Print the records below exactly, from the line containing "hornets youth jersey" down to the line containing "Bonfire Near Tent", both lines included, and omit every picture.

**Supplied material**
——————————

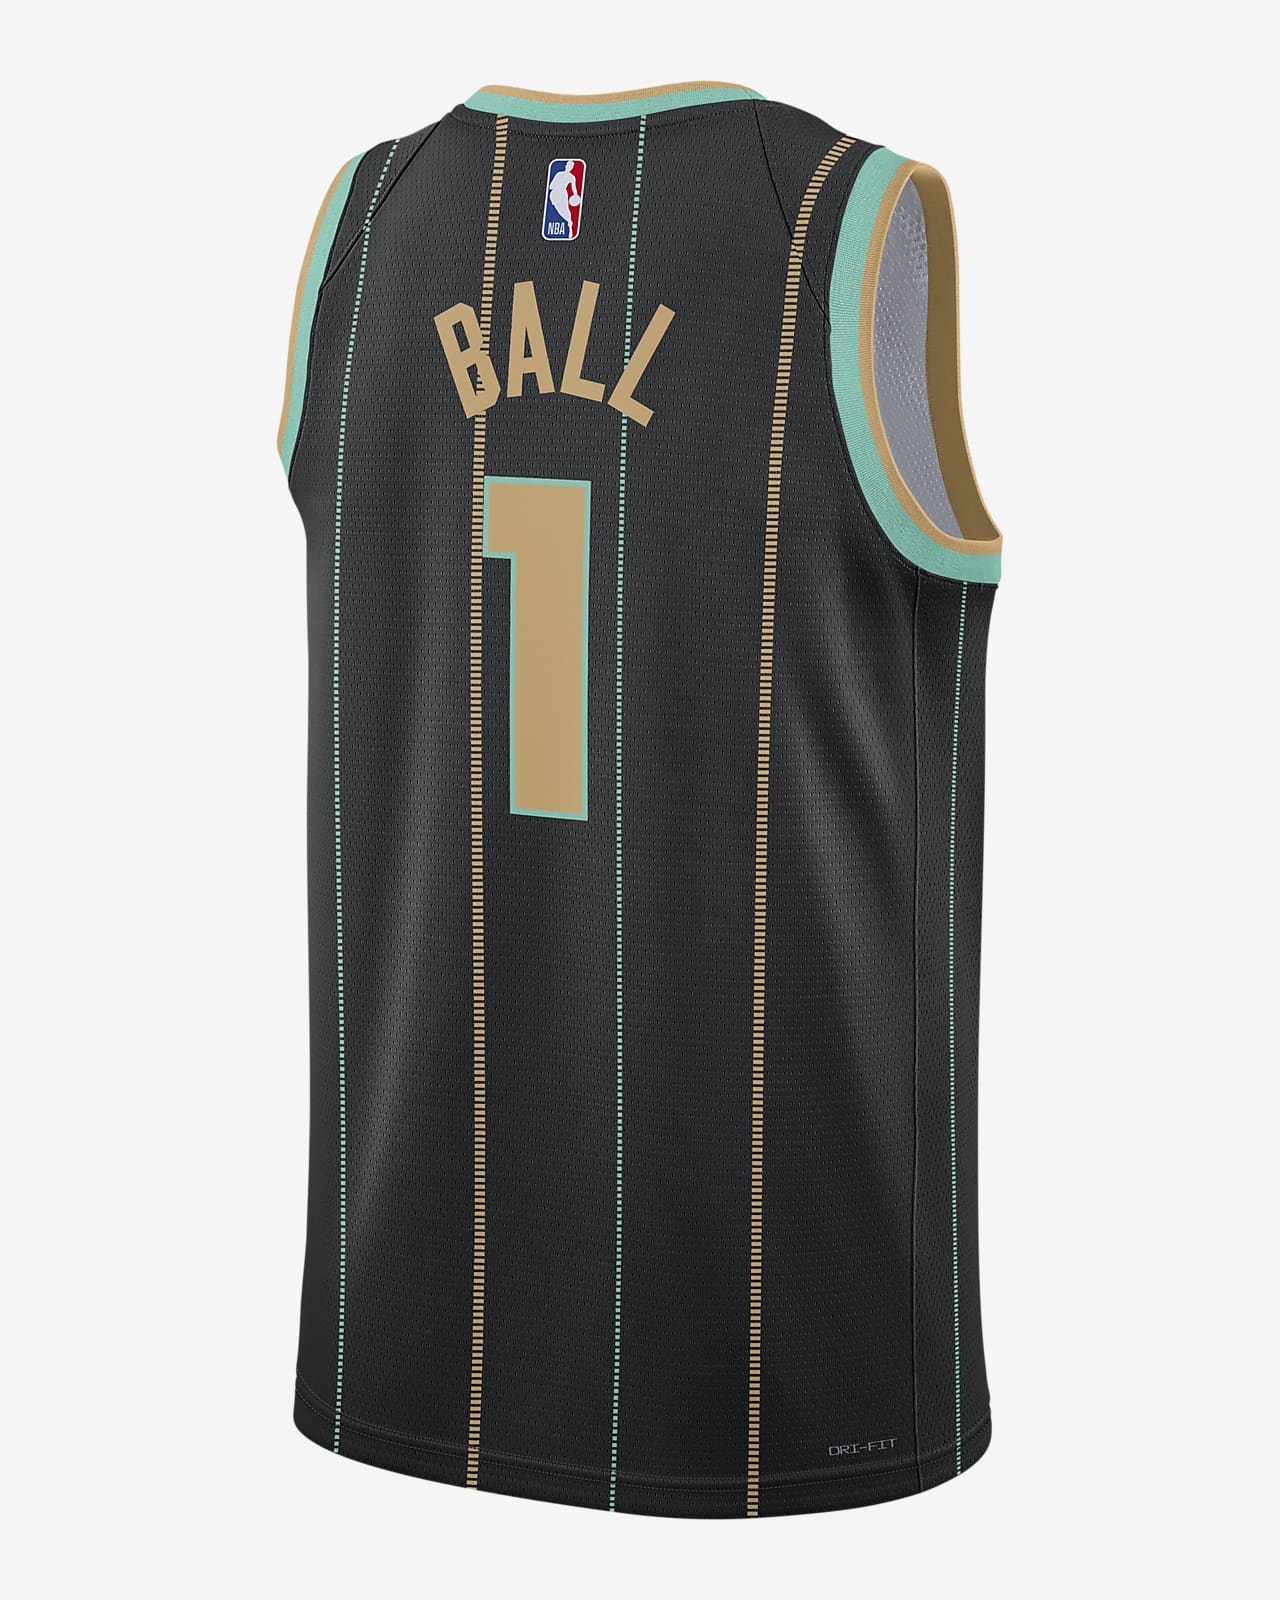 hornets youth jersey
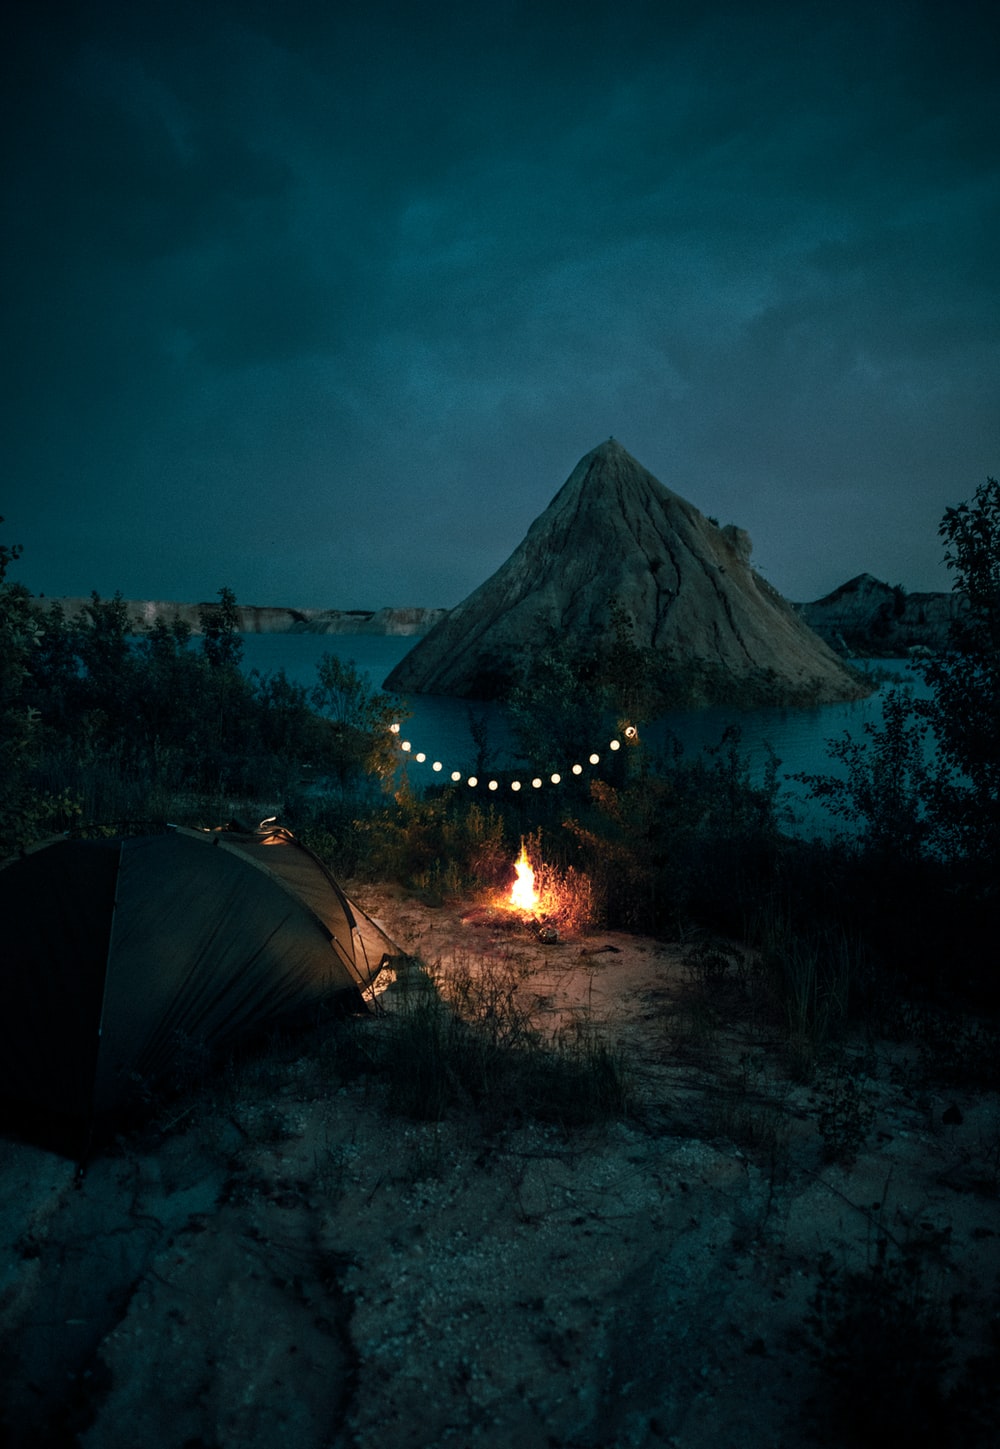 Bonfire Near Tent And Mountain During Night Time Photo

——————————

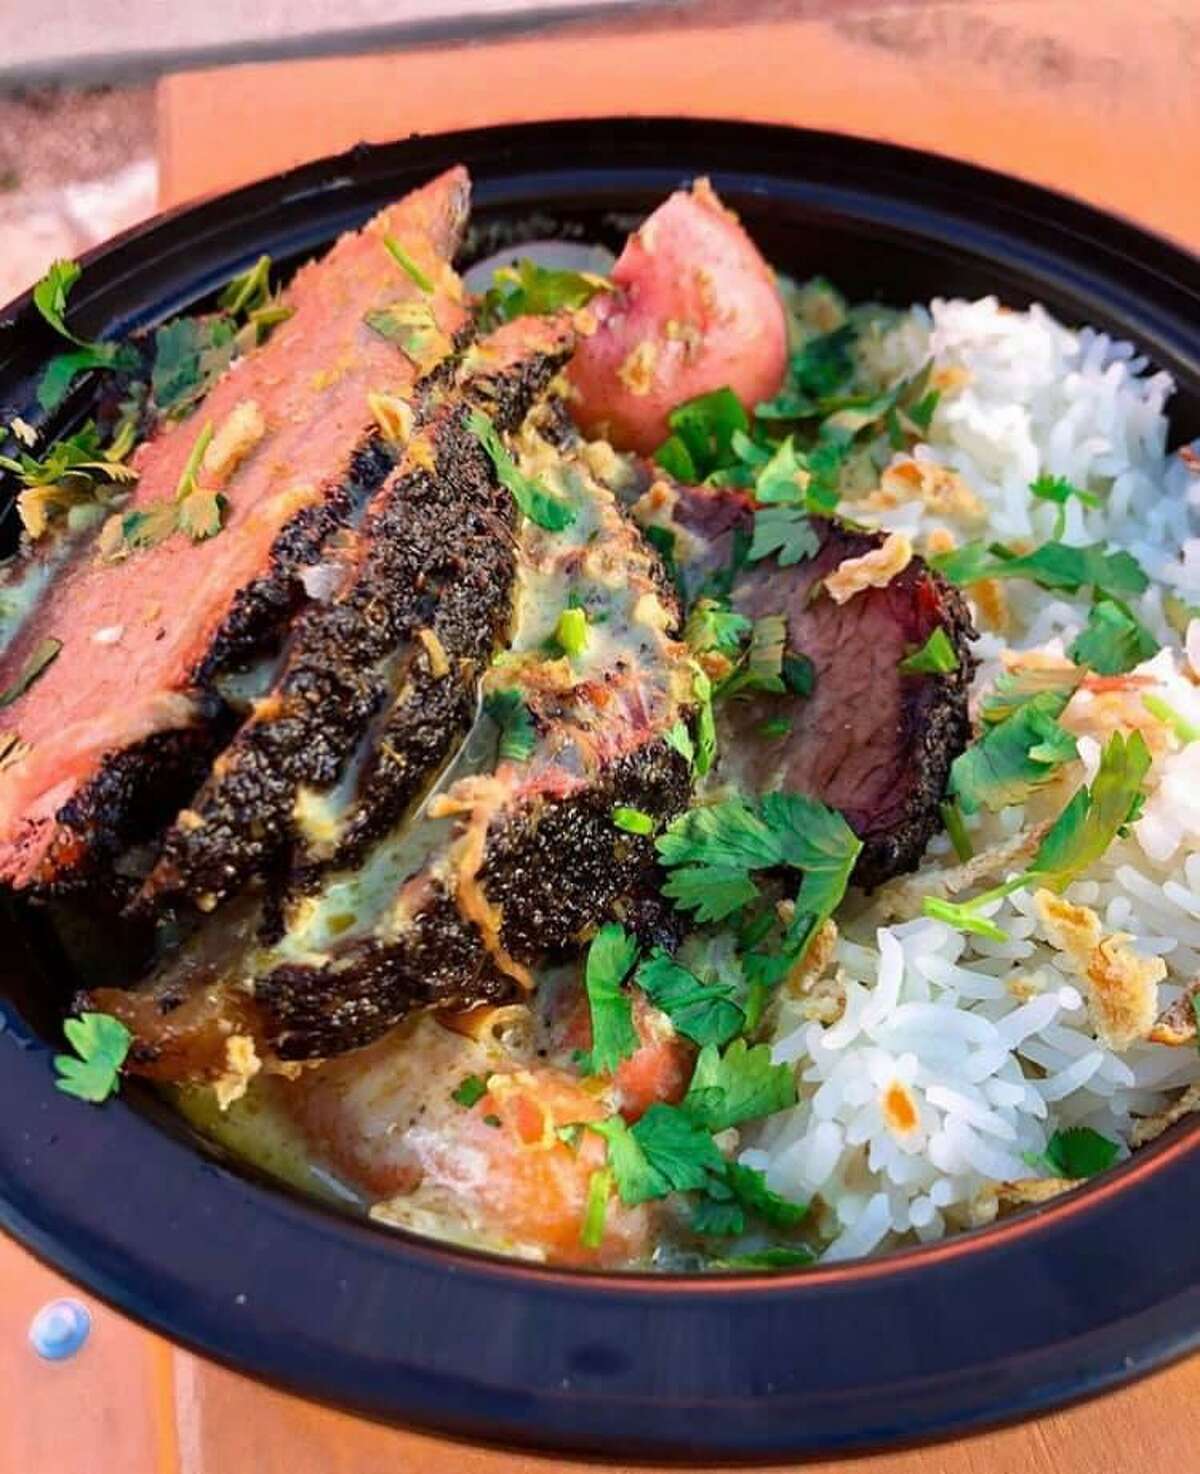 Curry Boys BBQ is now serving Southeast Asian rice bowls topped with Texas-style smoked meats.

——————————

**Output of the task**
 hornets youth jersey
 Bonfire Near Tent And Mountain During Night Time Photo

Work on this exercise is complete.